Data for this task:
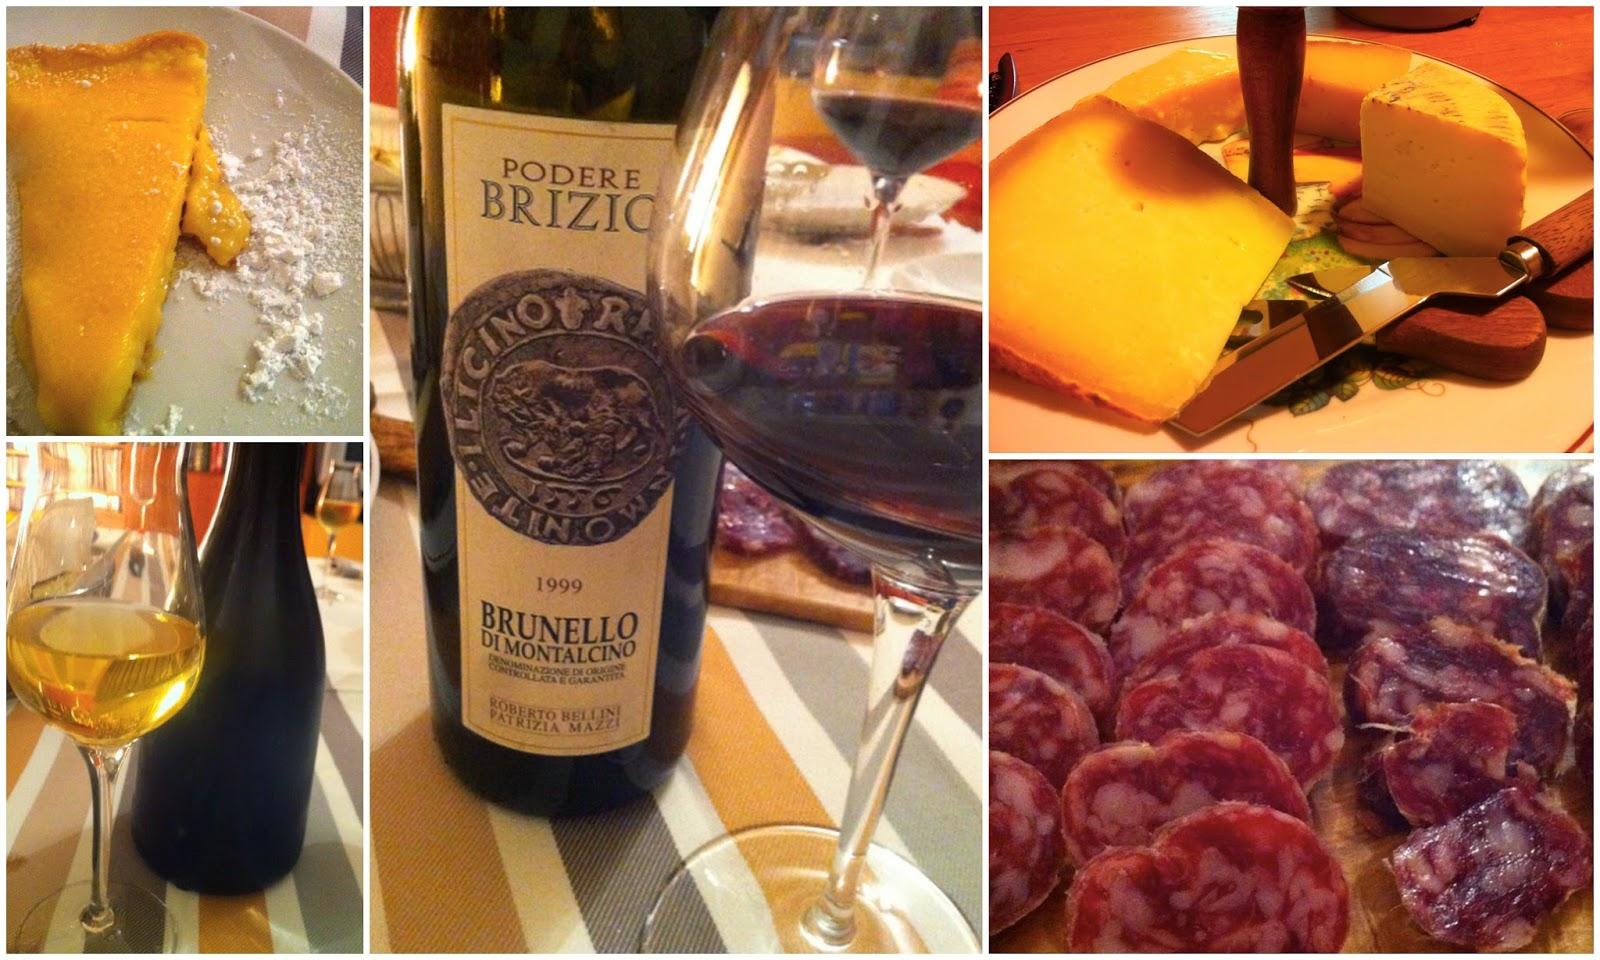 итальянские сыры, итальянские колбасы с красным вином, вино фраголино
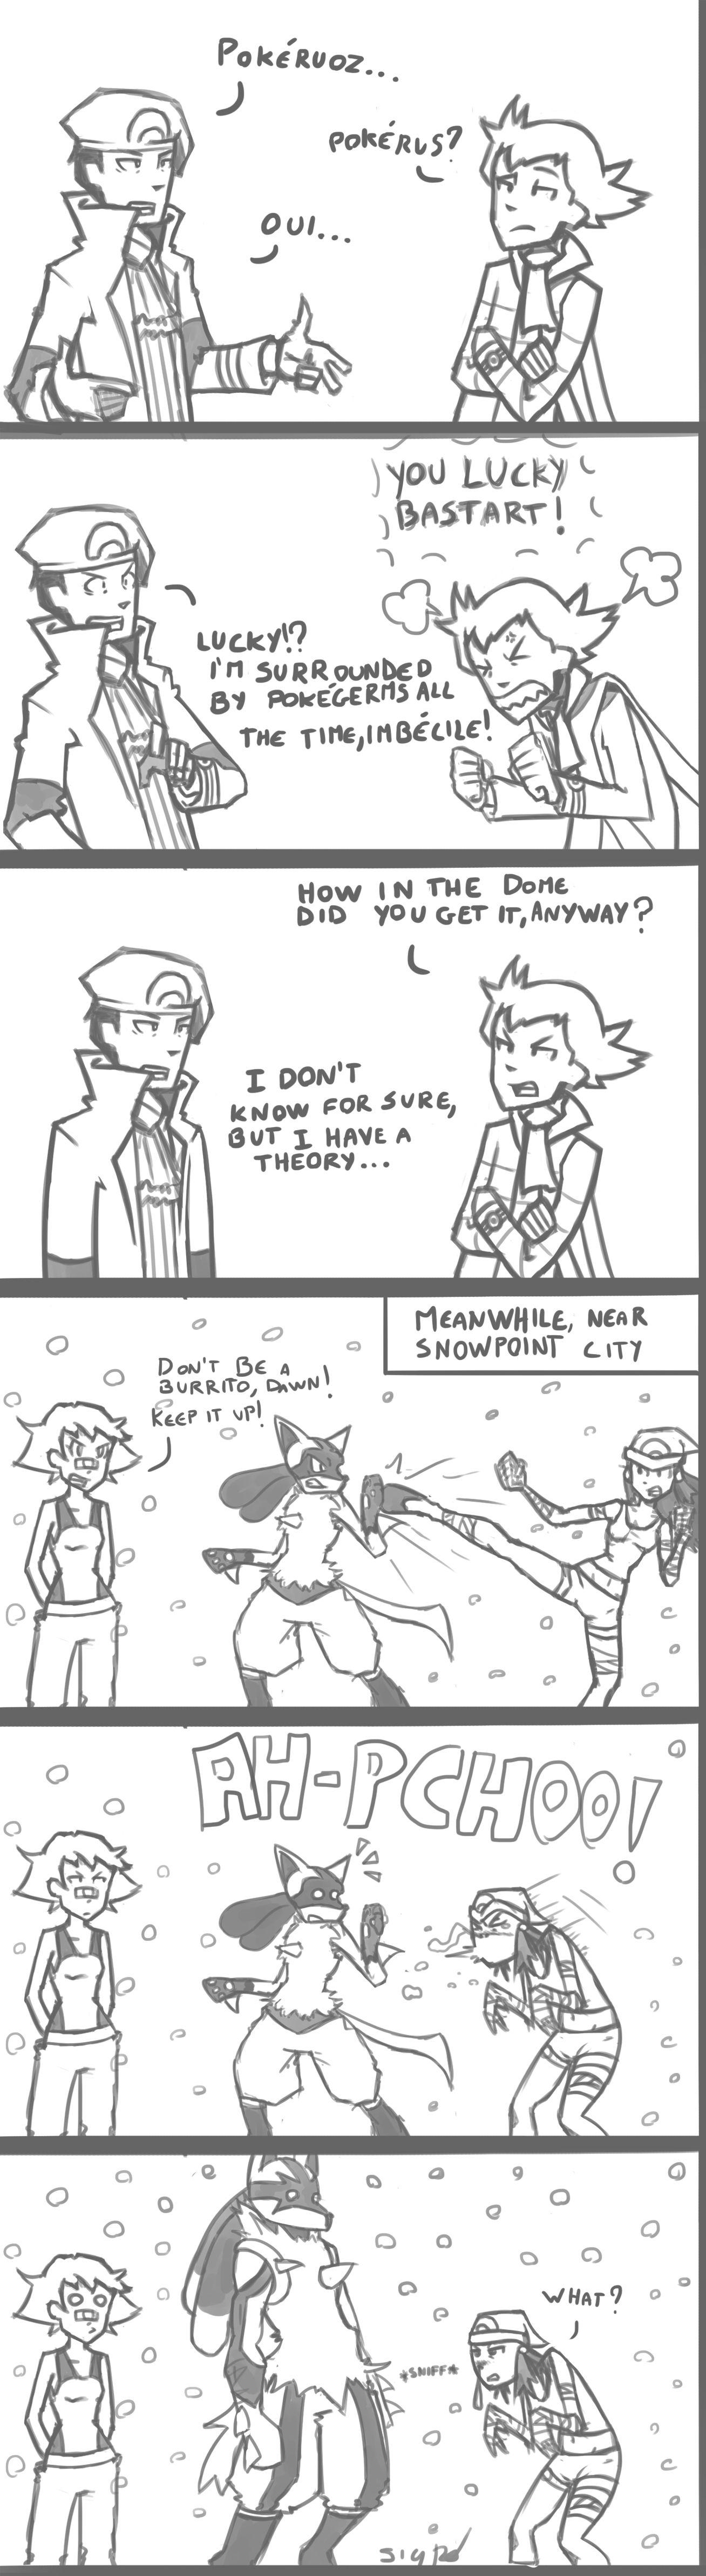 Pokérus: The Origins   Twitch Plays Pokemon   Know Your Meme
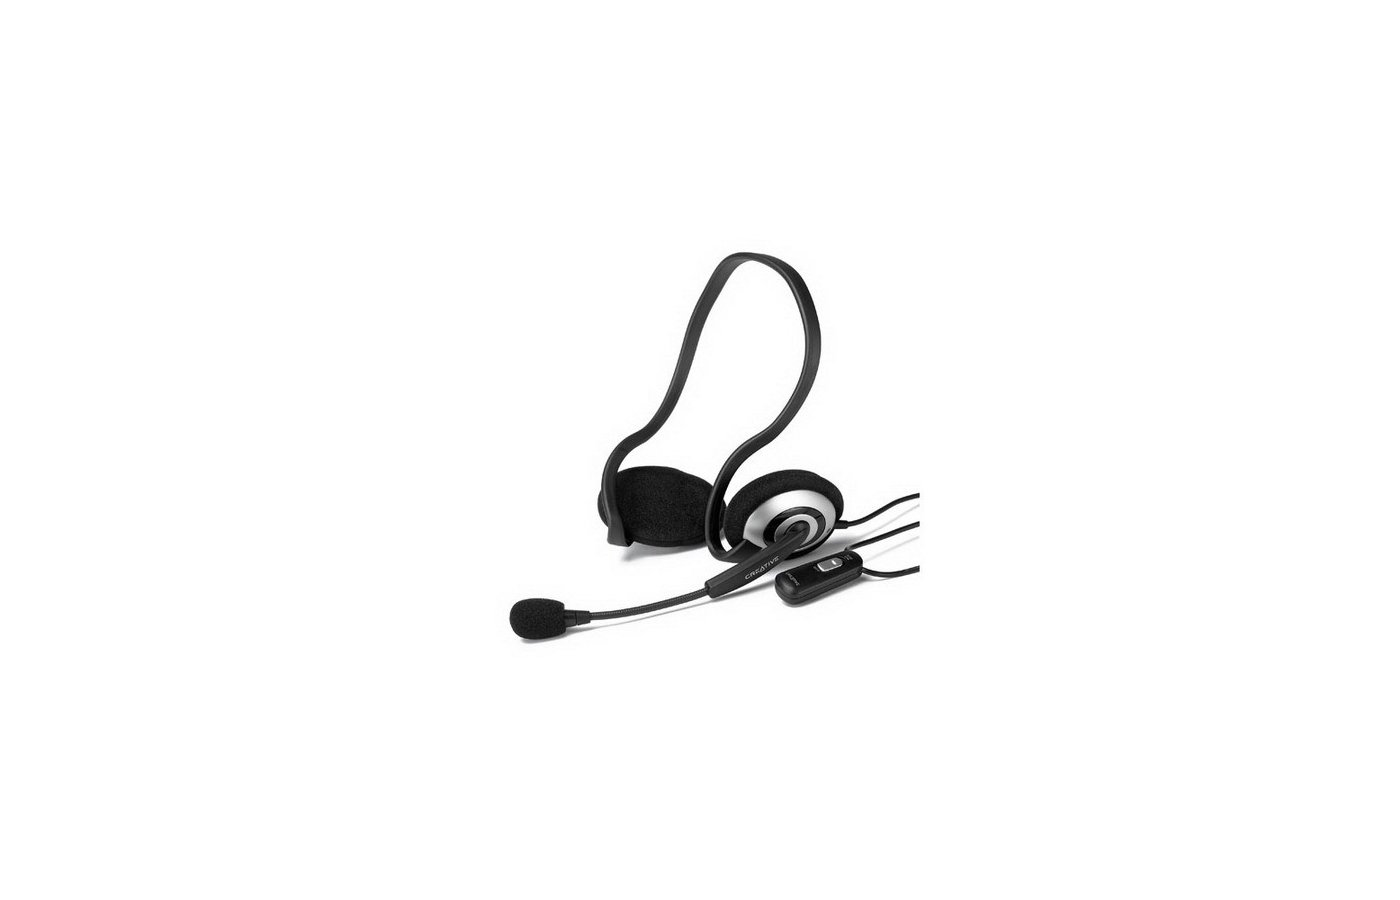 Наушники с микрофоном проводные Creative HS-390 MSN Edition
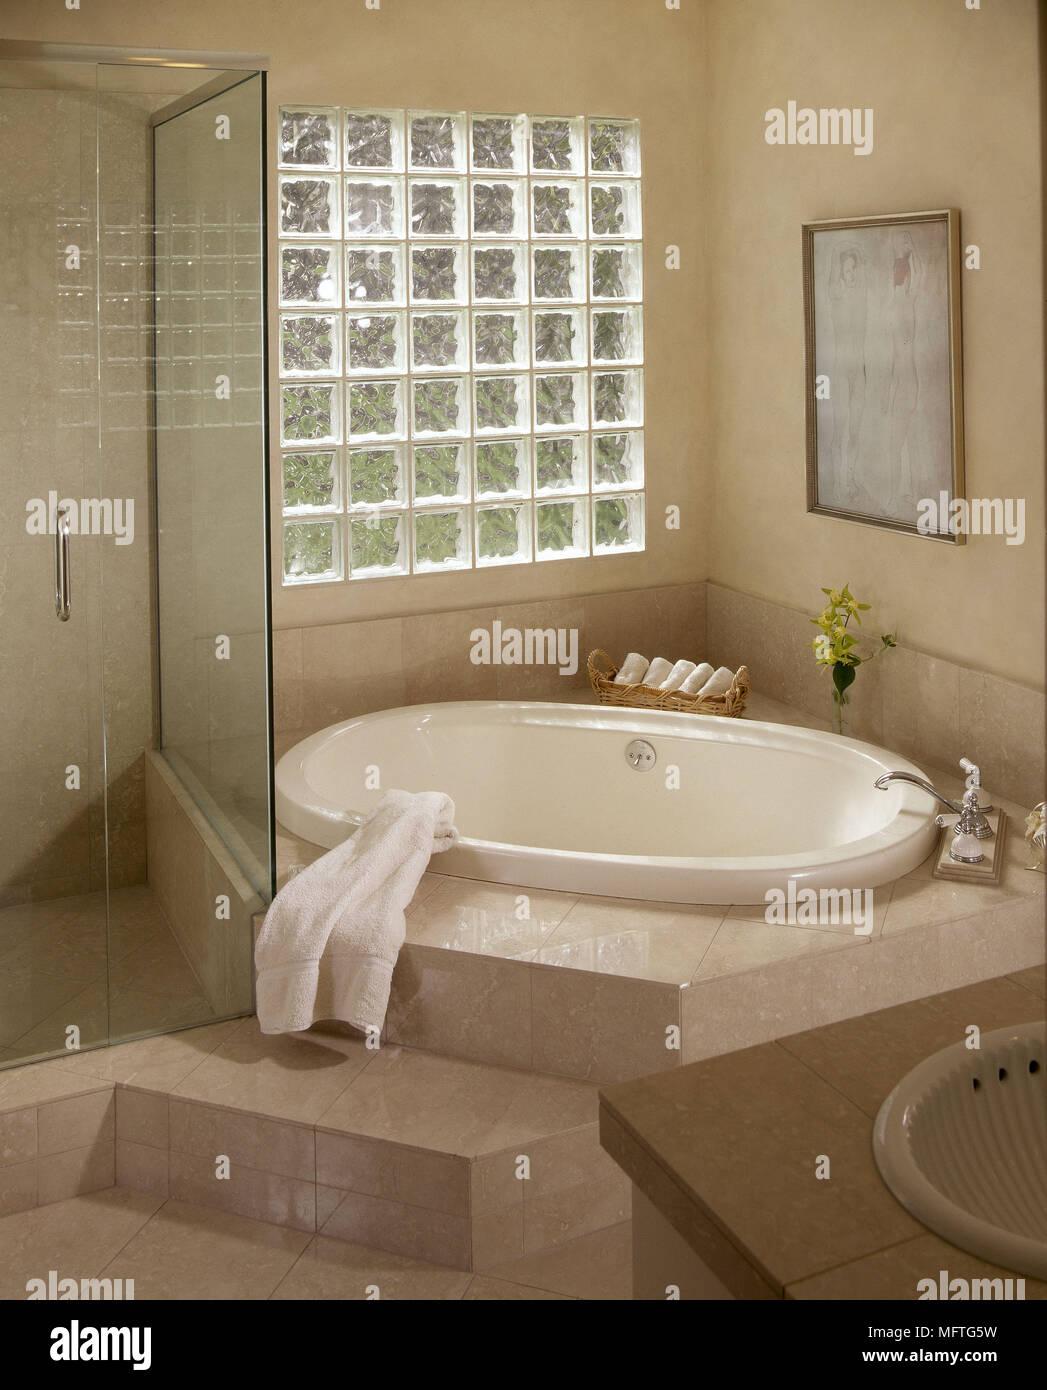 Carrelage Salle De Bain Ile De La Reunion ~ salle de bains baignoire encastr e moderne en brique de verre verre
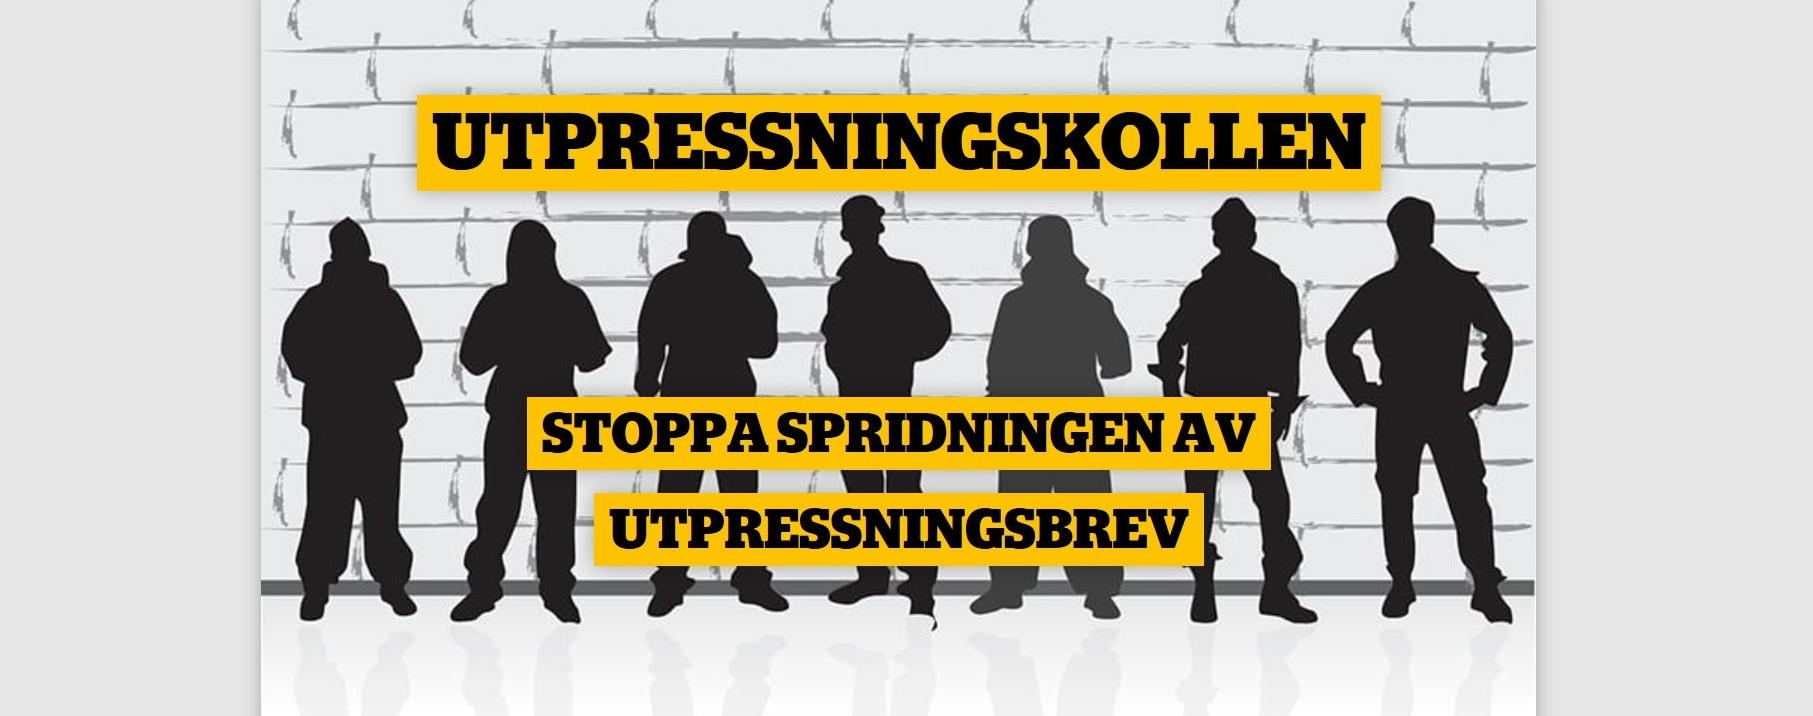 """Det svenske piratpartiet ber """"opphavsretts troll"""" om å slutte"""

What to do: A verbatim copy of all the records, minus the pictures, is the expected answer.

Task answer:
 итальянские сыры, итальянские колбасы с красным вином, вино фраголино
 Pokérus: The Origins   Twitch Plays Pokemon   Know Your Meme
 Наушники с микрофоном проводные Creative HS-390 MSN Edition
 Carrelage Salle De Bain Ile De La Reunion ~ salle de bains baignoire encastr e moderne en brique de verre verre
 """Det svenske piratpartiet ber """"opphavsretts troll"""" om å slutte"""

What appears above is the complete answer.